November 20th is as innocuous as any other to most people, but for the transgender community it is a solemn day of mourning and coming together to remember our slain kinfolk. Every year as the date approaches, I'm filled with a sense of loss. Since 1999, November 20th marks the International Transgender Day of Remembrance, and it began after the gruesome murder of an African-American transwoman named Rita Hester in Boston.
Rita was stabbed to death in her own apartment on 28 November 1998, and her murder remains unsolved. Her death came just weeks after the murder of Matthew Shepard in Wyoming roused a national discussion on hate crimes against gay people, yet Rita's murder garnered no such response from the public. Her murder and the lack of media attention to her death drove a candlelight vigil to begin in San Francisco the next year.
It also fueled the creation of a web project entitled “Remembering Our Dead” which tells the story of transgender people from around the globe who have been murdered out of prejudice and hate. Their list goes back to the 1970s, and documents the losses our community has felt over many years of mistreatment and marginalization.
I wish that I could say that the list does not grow with each passing day. But I'd be lying. Across the globe, transgender people are murdered at rates which are astounding when compared to their contemporaries.

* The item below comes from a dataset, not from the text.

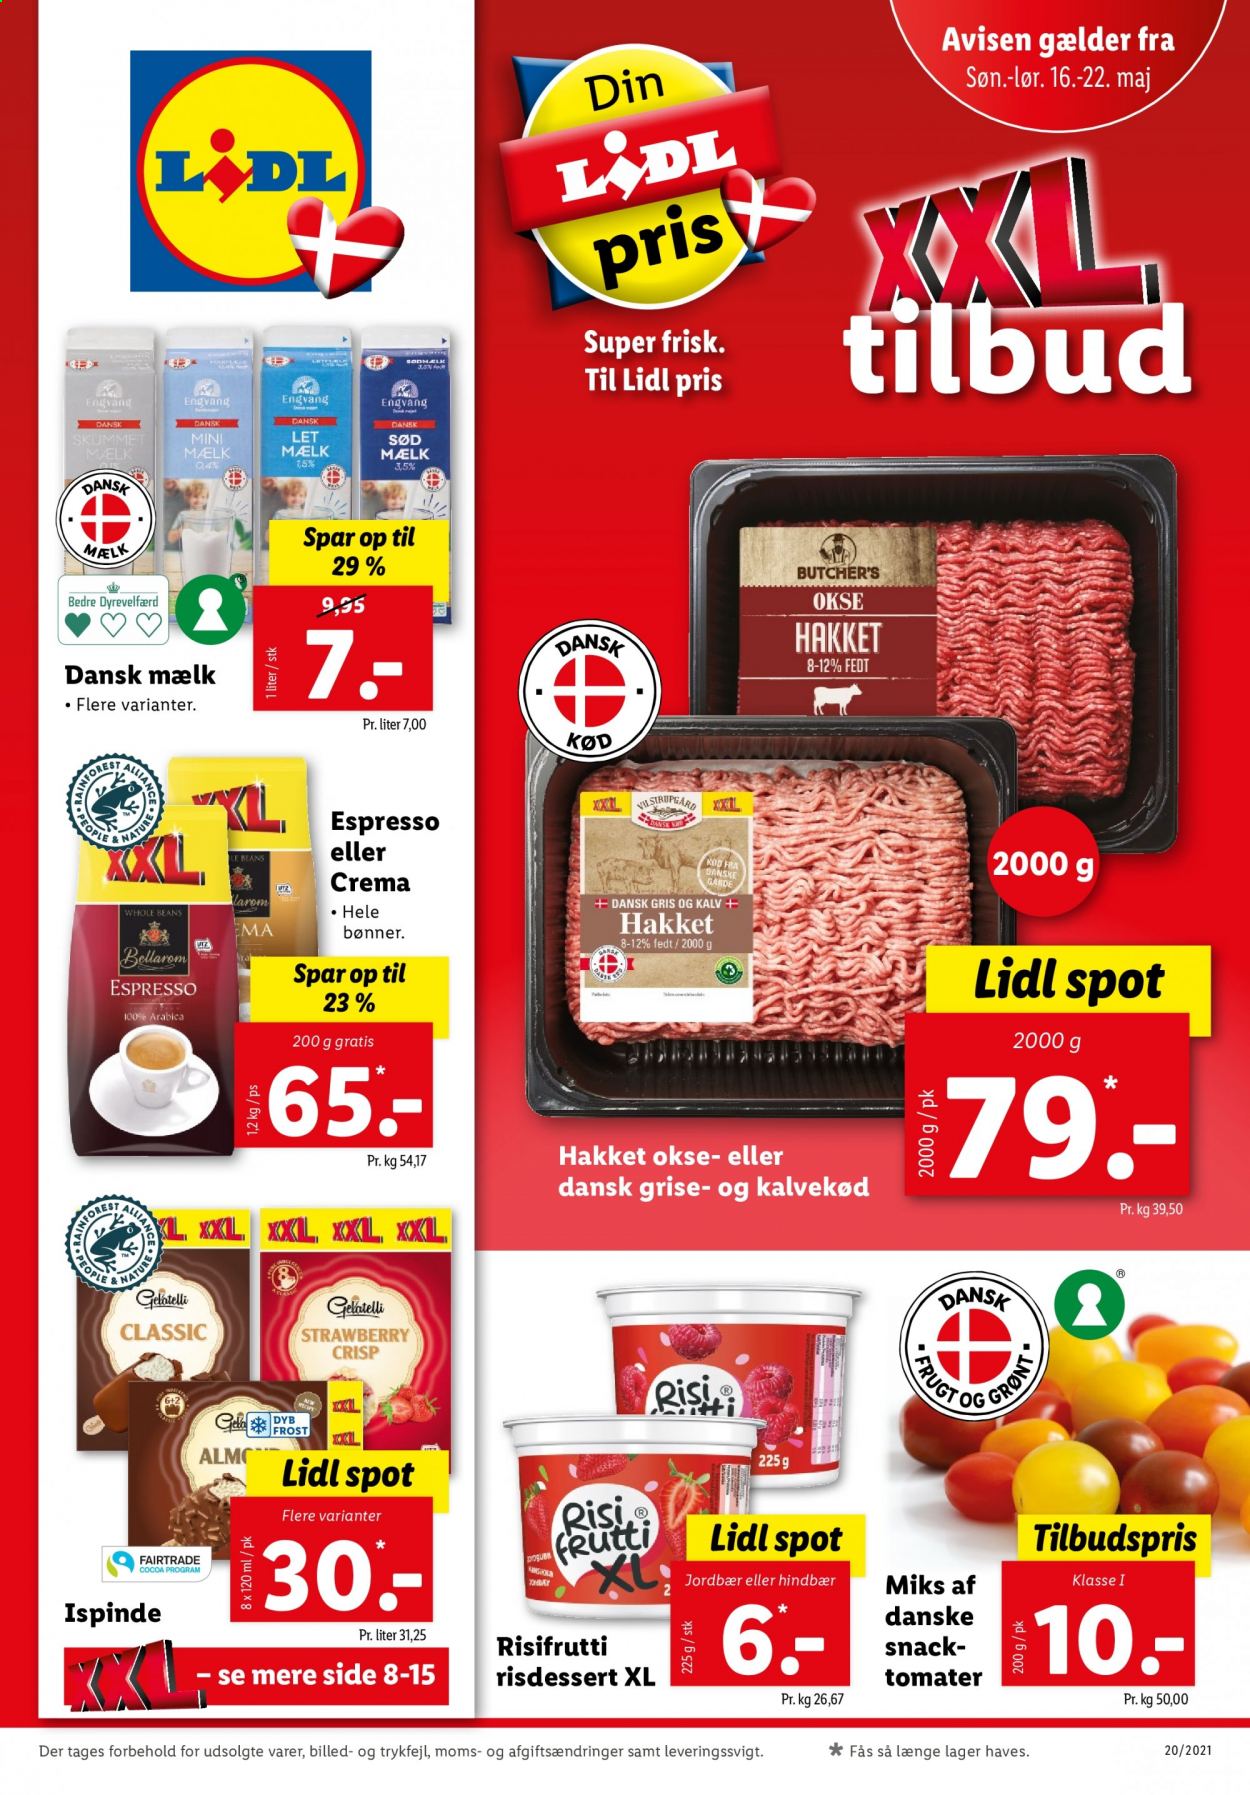 thumbnail - Lidl tilbud  - 16.5.2021 - 22.5.2021 - tilbudsprodukter - hindbær, jordbær, tomat, kalvekød, mælk, bønner, espresso. Side 1.

Although the data is limited at best, there has been some effort in the last few years to record and analyze transphobic violence across the globe.
One group that is leading this charge is the Trans Murder Monitoring Project which started through a cooperation between Transgender Europe and the academic online magazine Liminalis – A Journal for Sex/Gender Emancipation and Resistance in 2009. Their latest data from March 2012 records more than 800 murders worldwide of transgender people over the last four years in 55 countries. The most terrifying part of this figure is that, by their own admission, the project “can only provide a glimpse into a reality which is undoubtedly much worse than the numbers suggest.”
Part of the challenge in finding statistical data for these atrocities is that there are a number of bureaucratic technicalities and complications which make ascertaining exact figures extremely difficult. Trans people are not always able to achieve legal recognition for their identity, nor does the media portray us as our true selves in most cases. So our lives and our deaths are often misreported by governmental and societal agencies, and in the media. This means accurate information and data are hard to come by, and a precious commodity when they are found.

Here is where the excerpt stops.